Scheme of the chemical structure of T-2 toxin molecule

In spite of the relatively well-known results of T-2 toxin poisoning, many aspects of its actions (especially in low doses) are completely unknown. One of them is the influence on the enteric nervous system (ENS), which is located in the wall of the digestive tract and on the grounds of complex building, high number of neurons and considerable independence from the central nervous system is often called the “second” or “intestinal brain” (Furness et al. 2014). In big mammals, the anatomy of the ENS depends on the segment of digestive tract (Fig. 2). Namely, in the stomach it consists of two intramural ganglionated plexuses: myenteric plexus (MP) located between longitudinal and circular muscular layers and submucous plexus (SP)—near the lamina propria of the mucosa. In the small and large intestine, submucous plexus undergoes a division to outer submucous plexus (OSP) located near internal side of the circular muscle layer and inner submucous plexus (ISP)—positioned in the same place like submucous plexus in the stomach (Gonkowski 2013; Bulc et al. 2015; Rekawek et al. 2015).

Fig. 2
figure 2

Scheme of the enteric nervous system in the porcine gastrointestinal tract. Elements of the wall of GI tract: LM longitudinal muscle layer, CM circular muscle layer, SL submucosal layer, ML mucosal layer. Elements of the enteric nervous system: MP myenteric plexus, SP gastric submucous plexus; OSP intestinal outer submucous plexus; ISP intestinal inner submucous plexus

It is known that ENS responds to various pathological factors, including inflammatory processes, bacterial infections, toxins, and extra-intestinal diseases by structural, functional, and neurochemical changes (Vasina et al. 2006). The most visible are fluctuations in the expression of neuromediators and/or neuromodulators, which manifest adaptive and/or neuroprotective processes within enteric neurons under acting stimuli (Gonkowski et al. 2003; Vasina et al. 2006; Gonkowski 2013).

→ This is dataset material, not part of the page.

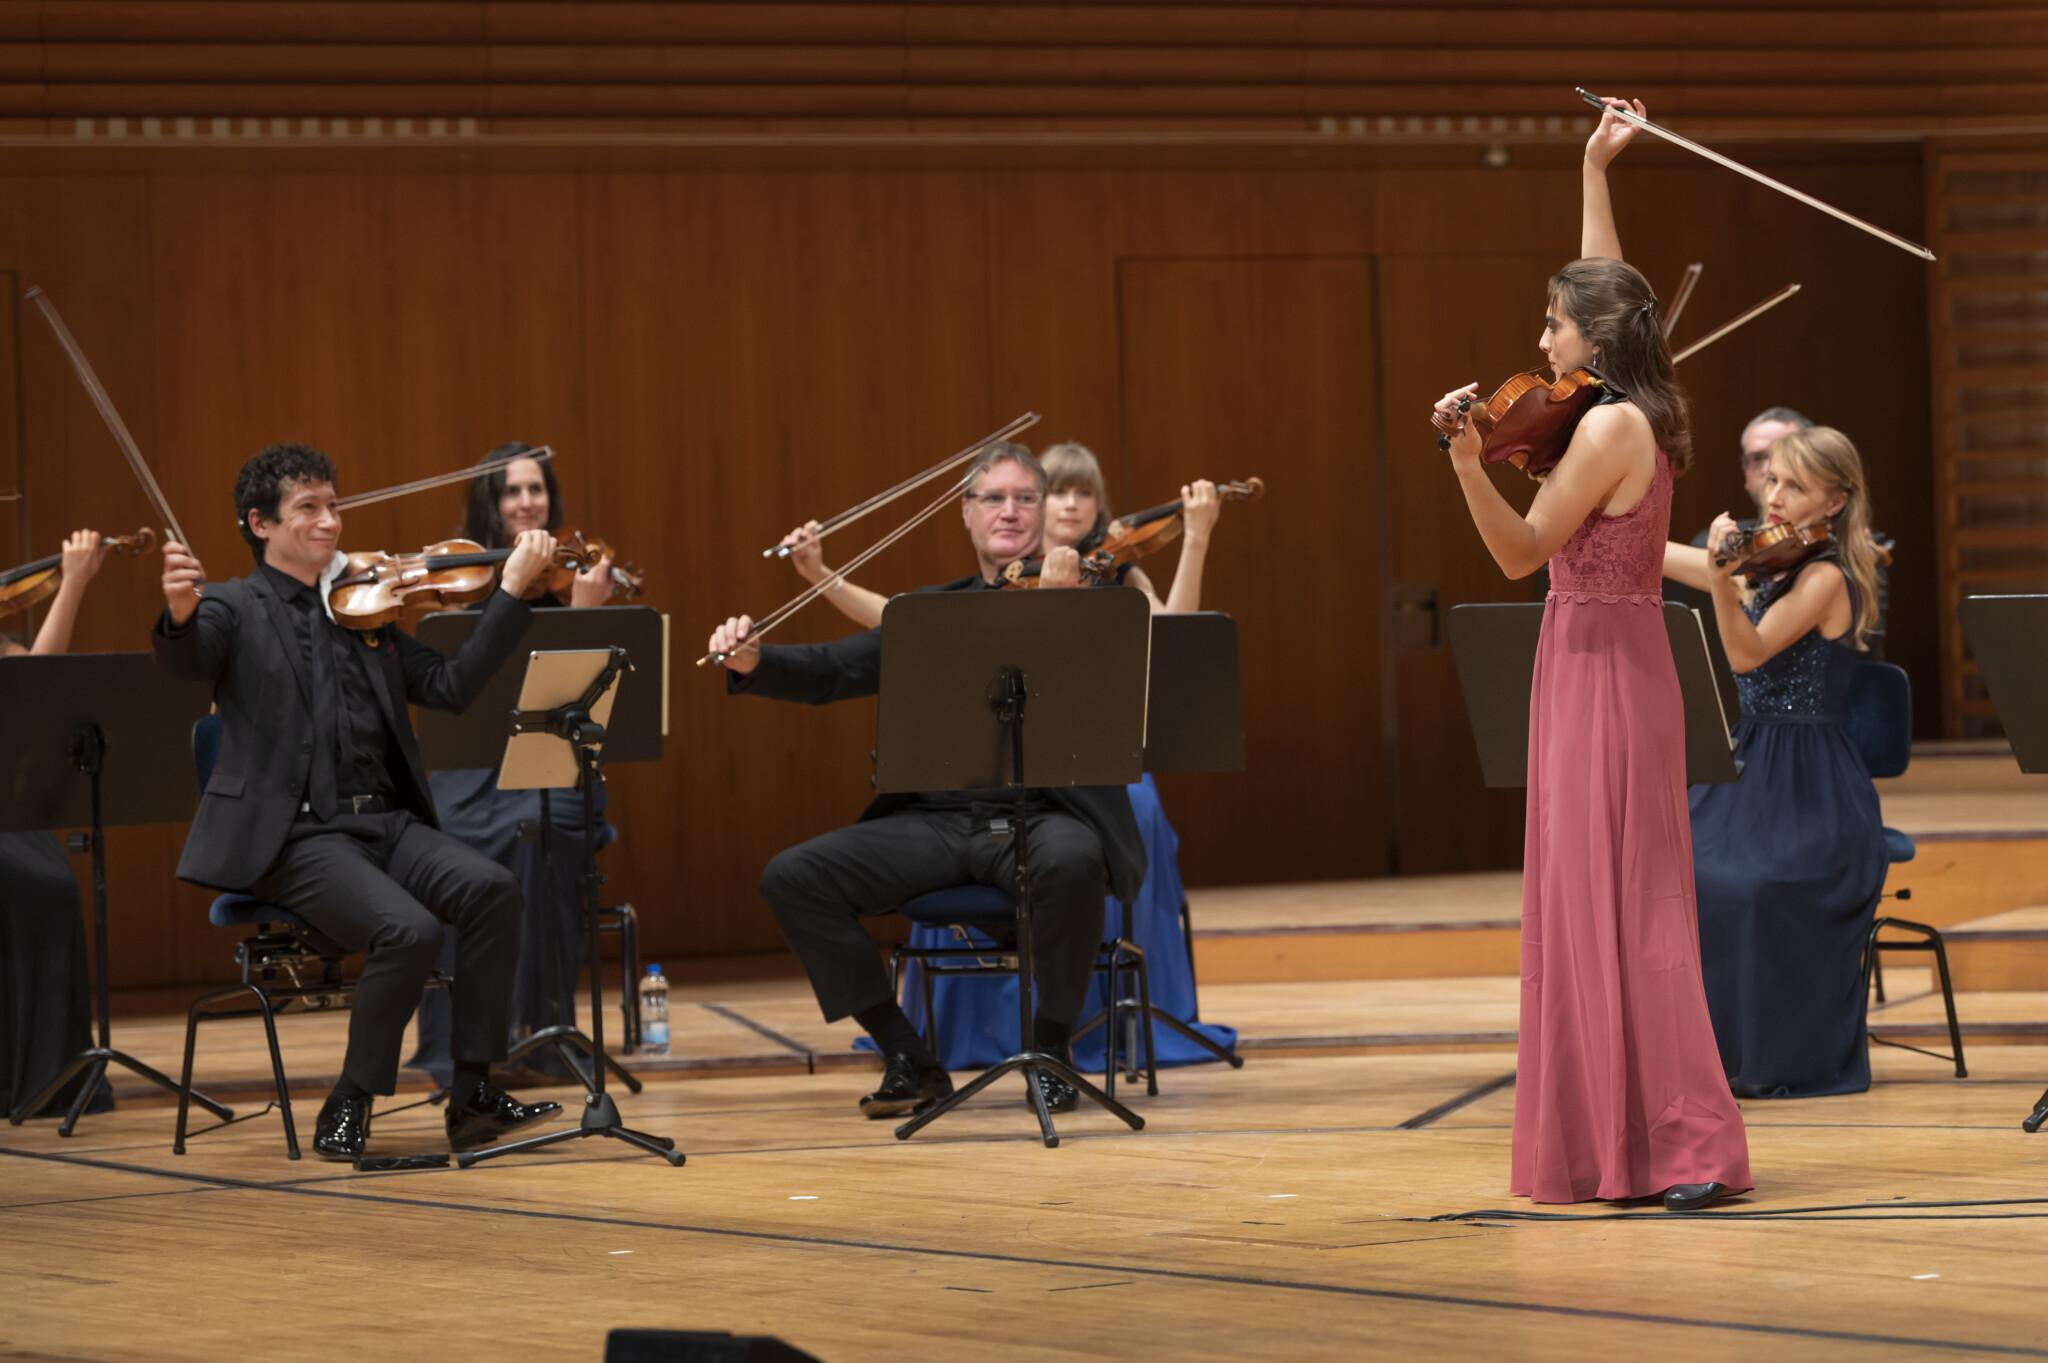 HSLU Musik Solistenkonzert 1 Luzern, den 23.06.2020 Copyright: HSLU Musik/Priska Ketterer
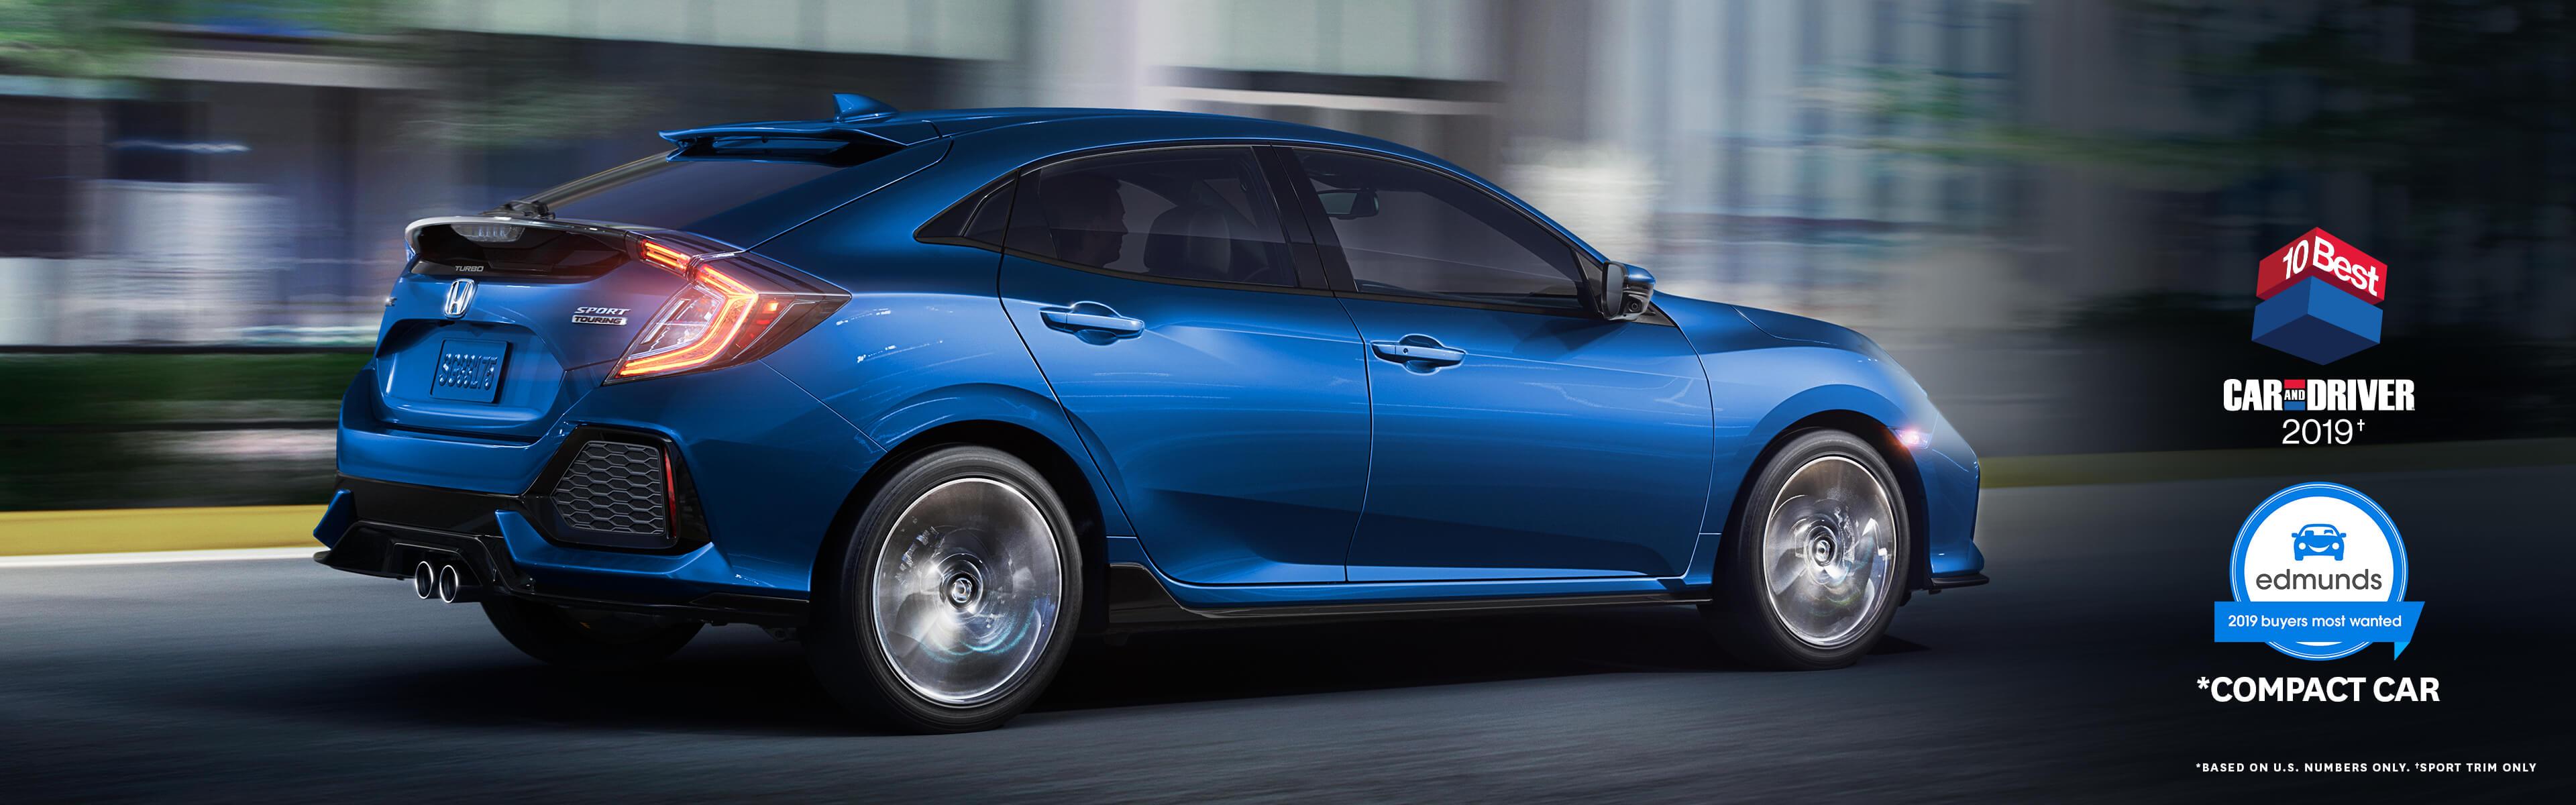 The 2019 Civic Hatchback Honda Canada

One of several dozen neuronal active substances, which till now have been described in the ENS, is cocaine- and amphetamine-regulated transcript peptide (CART). For the first time, CART was described in 1981 (Spiess et al. 1981) and since then it has been noted in the ENS of many species, including human (Ellis and Mawe 2003; Ekblad 2006; Arciszewski et al. 2009; Gonkowski et al. 2012; Bulc et al. 2014). Nonetheless, exact functions of this peptide in the gastrointestinal tract both in physiological conditions and during pathological processes are still controversial and not fully explained.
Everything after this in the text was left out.